Yeah I know the benefits but I doubt that this will change anything compared to the maintenance work needed to keep it in shape. We have similar “information source” issues in our collaboration for many years and it seems that some things will never change. Whatever we tried, newcomers behave the same no matter what fancy tools you provide. However, I don’t want to be too pessimistic :wink: It feels like there should simply be a solid base of patient and polite experts who react correspondingly.

1 Like

we like automations and lazy to be redundant that’s why we like to program tasks. if questions are repeated many times, it makes sense to collate them like in a datascience way, else, we are stucked in endless manual loop :wink:

i miss the chatbot in debian which stores lots of helpful tips and solutions which can be triggered by simple keyword. anybody asking same questions and a factoid exists, you can just trigger the bot to display the factoid to the OP.

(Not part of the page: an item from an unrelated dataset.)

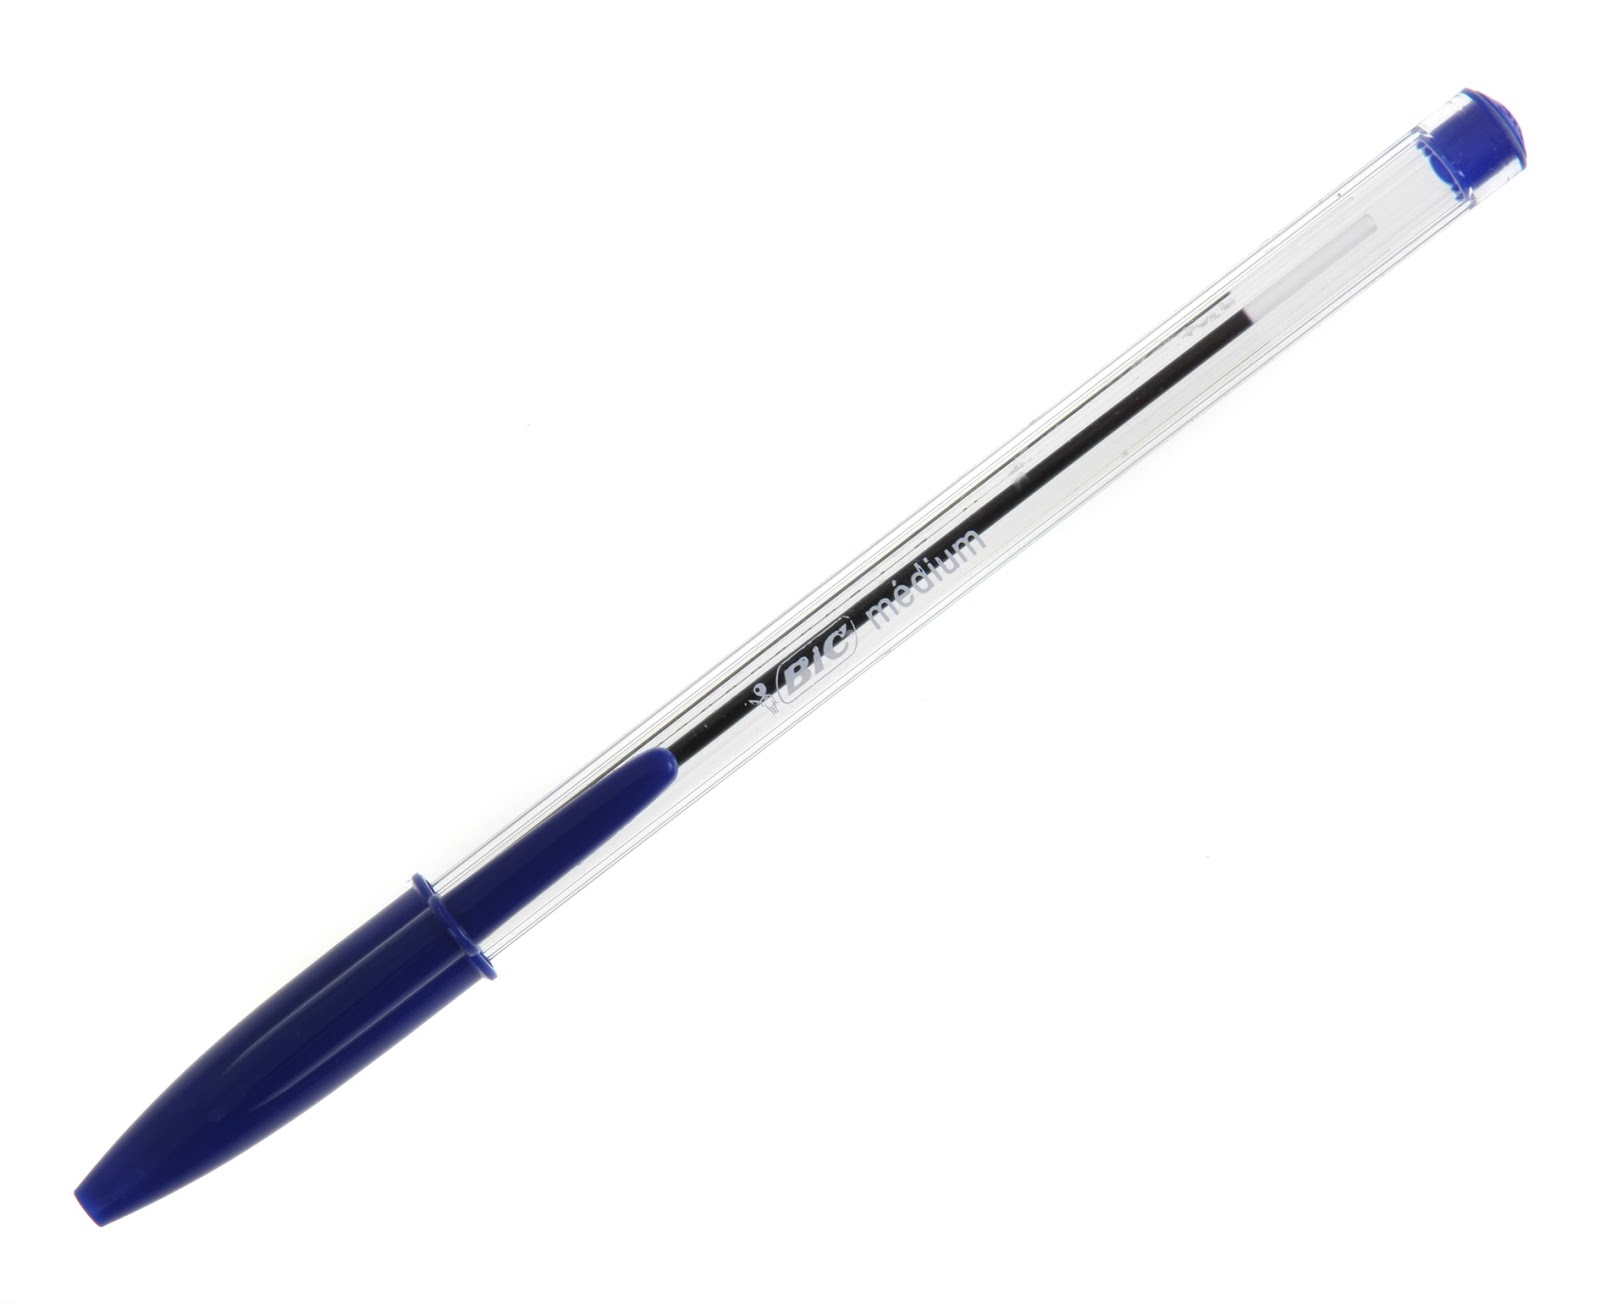 Ball Point Pens - History of Ball Point Pens

something like this: Bot search - found 196 search results for install

I am not sure if you are aware of this, but the Discourse engine has a similar feature: if you start typing up a new post here, it will suggest previous ones.

In any case, I agree with @tamasgal about diminishing returns of putting a lot of q&a in FAQs. The manual has a FAQ, but it seems to serve the same purpose as FAQs everywhere: to save typing up the same answer again and again. Contributions to it are usually welcome, as PRs.

4 Likes

also for MWE too… Writing Self-Documenting code | Week 6 | 18.S191 MIT Fall 2020 | Alan Edelman & David Sanders (6 min)

Hello, There is a package equivalent or similar to the R package: “reprex”
Get help!

Great post. It’s pinned right? It should be the first thing anybody sees. :+1:

This section/thread obviously addresses newcomers (to the online community). I am not sure if the abreviation PSA used in the name of this section/thread is familiar to them. I even suspect that if it is not recognized by newcomers, they might tend to skip reading the actual text.